Тамара сидела в кресле неподвижно, с мрачно нахмуренными бровями, под которыми светились злые, устремленные вдаль глаза. Вдруг она сказала:
— За твоей спиной две могильные тени, Кандинский — слева и справа. Тебе не страшно?
Резким движением она повернулась ко мне всем телом, глядя на меня со страхом и любопытством.
— Ты суеверна, мой ангел. Когда я буду способен чувствовать ужас, тогда — прощай, Кандинский.
— Может быть, ты хочешь сказать этим, что убьешь себя?
— Нет, я совсем не расположен это делать, точно так же, как чувствовать ужас или раскаяние — стадные чувства, понятные в Иване и Петре, но когда их почувствует Кандинский — прощай: останется животное большого стада. Я не Иван и не Петр, я — Кандинский.
— Какие гордые слова!
Она долго смотрела на меня неподвижно.
— Так ли это?
— Полагаю, да.
— Ты полагаешь, что ты так велик, а может быть, это только великая твоя низость — и ничего больше.
Слова эти уязвили меня.
— Наши две жертвы убиты моей идеей, Тамара, а вовсе не мной — для нашего блаженства.
— Как это?
Я не счел нужным разъяснять ей.
— Как же ты говорил, что делаешь это из любви ко мне? — спросила она, расширяя глаза, в которых засверкали злые огоньки. — Или… постой, может быть, тебе была нужна не я, а богатства князя и ты хотел сделаться моим мужем с этой целью? Ха-ха-ха!.. Ты никогда им не будешь.
— Последние твои слова совсем вздор, Тамара.
И я говорил правду. Корыстные побуждения, овладевавшие мной вначале, стали постепенно рассеиваться по мере того, как мной все глубже начинали овладевать мои мысли и страсть к моей союзнице.
— Слушай. Прежде, чем мы встретились с тобой, в моем уме зародилась идея… Это она убила… этих, а не я…
— Прочь, ужасный человек, — вскричала она, подымаясь с места и выпрямляясь во весь рост. — Безумная, я поверила, что одна безграничная любовь тебя доводит до низости отравления — и прощала; но ты, ужасный человек, объявляешь теперь, что какая-то дикая идея руководила тобой, а не любовь…
— Ты чрезвычайно эффектна в эту минуту, мой ангел, — проговорил я, любуясь ею.
— В тебе все фальшиво, изломанный, жалкий человек. Мне надо было раньше понять, что ты готов делать всякую низость под влиянием твоих гадких мыслей, как лунатик. Ты не любил меня?
— Нет… — вырвалось у меня нечаянно, по чувству противоречия; но она, видимо, научилась понимать меня и, к моему удивлению, успокоившимся тоном сказала, опускаясь в кресло:
— Нет, ты лжешь и сам не знаешь, что говоришь.
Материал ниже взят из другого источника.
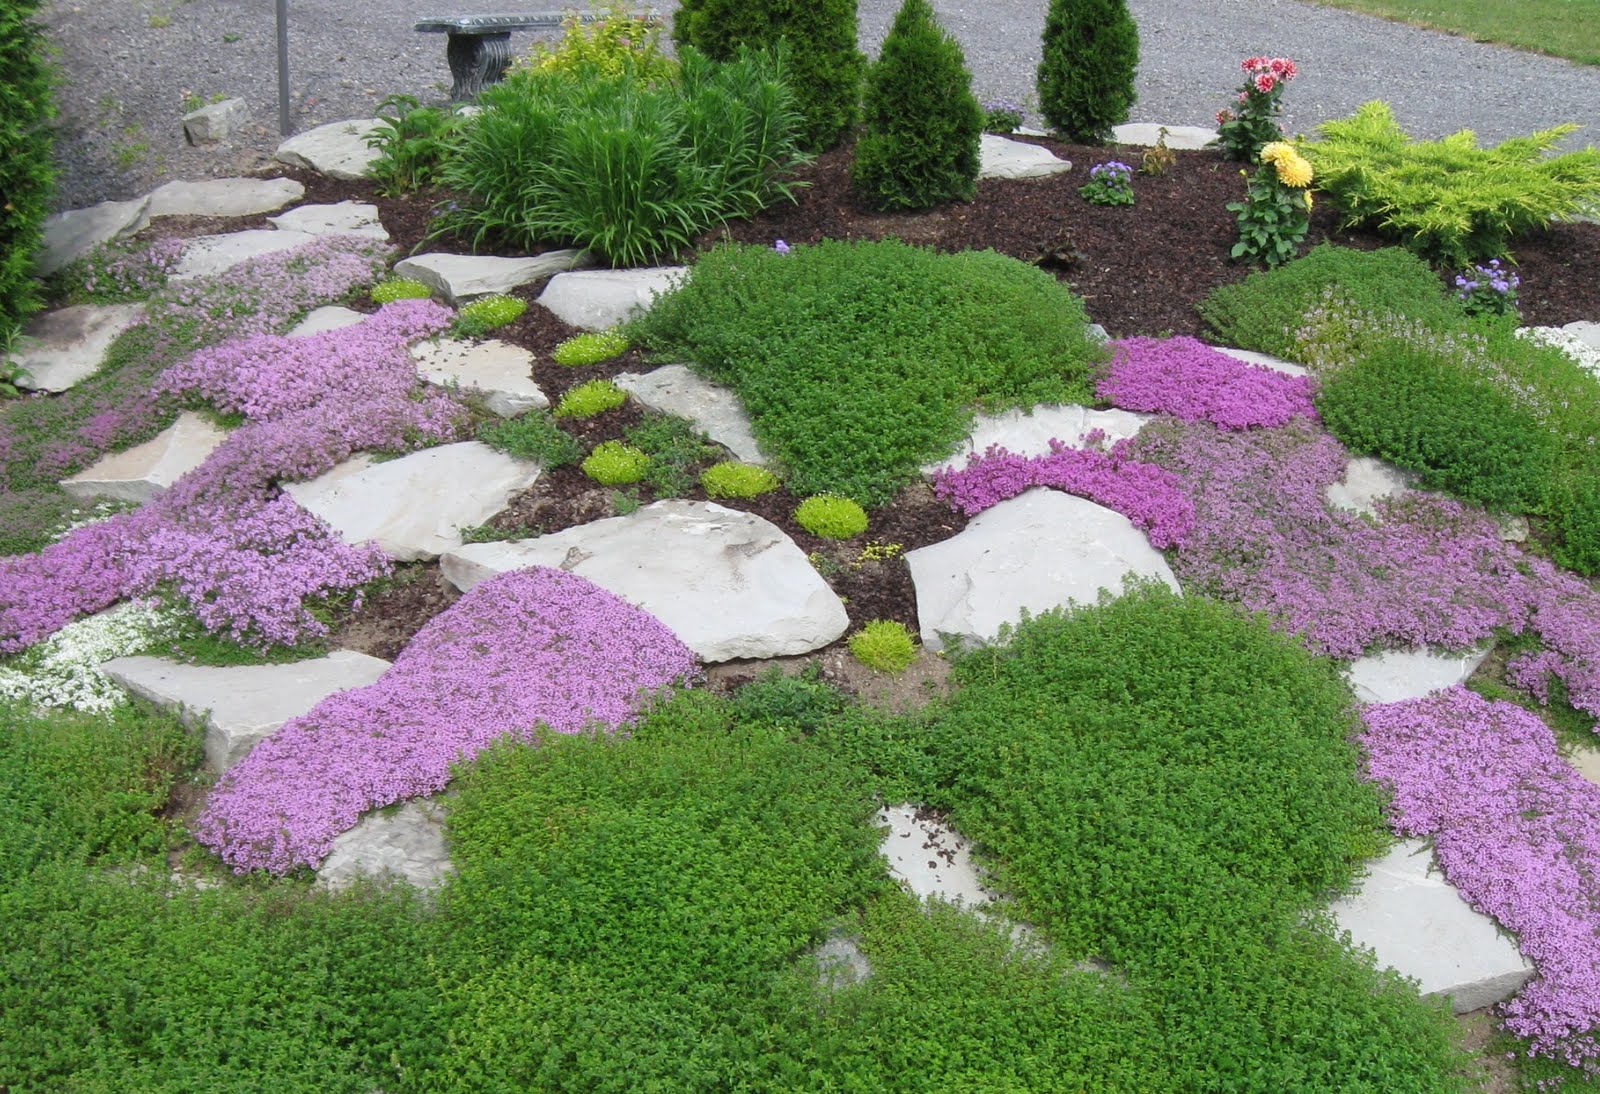 Rock Garden Decor | Home Design, Decorating and Remodeling Ideas

Твое самолюбие колоссально, Кандинский, и ты знаешь сам, что ты не в силах меня не любить. Какую роль в твоих страшных делах играли идеи, я не могу себе уяснить; но, во всяком случае, они не могли убить несчастную Нину: это сделала любовь ко мне, чтобы ты там ни говорил.
Я, конечно, счел излишним разочаровывать ее.
— Садись.
Я сел рядом с ней и хотел ее обнять.
— Без объятий, пожалуйста. Да, да, наконец-то мы вполне осуществили наш страшный план: две жертвы в земле, третья — там. Несчастный мой старик… Но мы свободны и, по-видимому, ничто не мешает нашему счастью; но я его что-то не чувствую.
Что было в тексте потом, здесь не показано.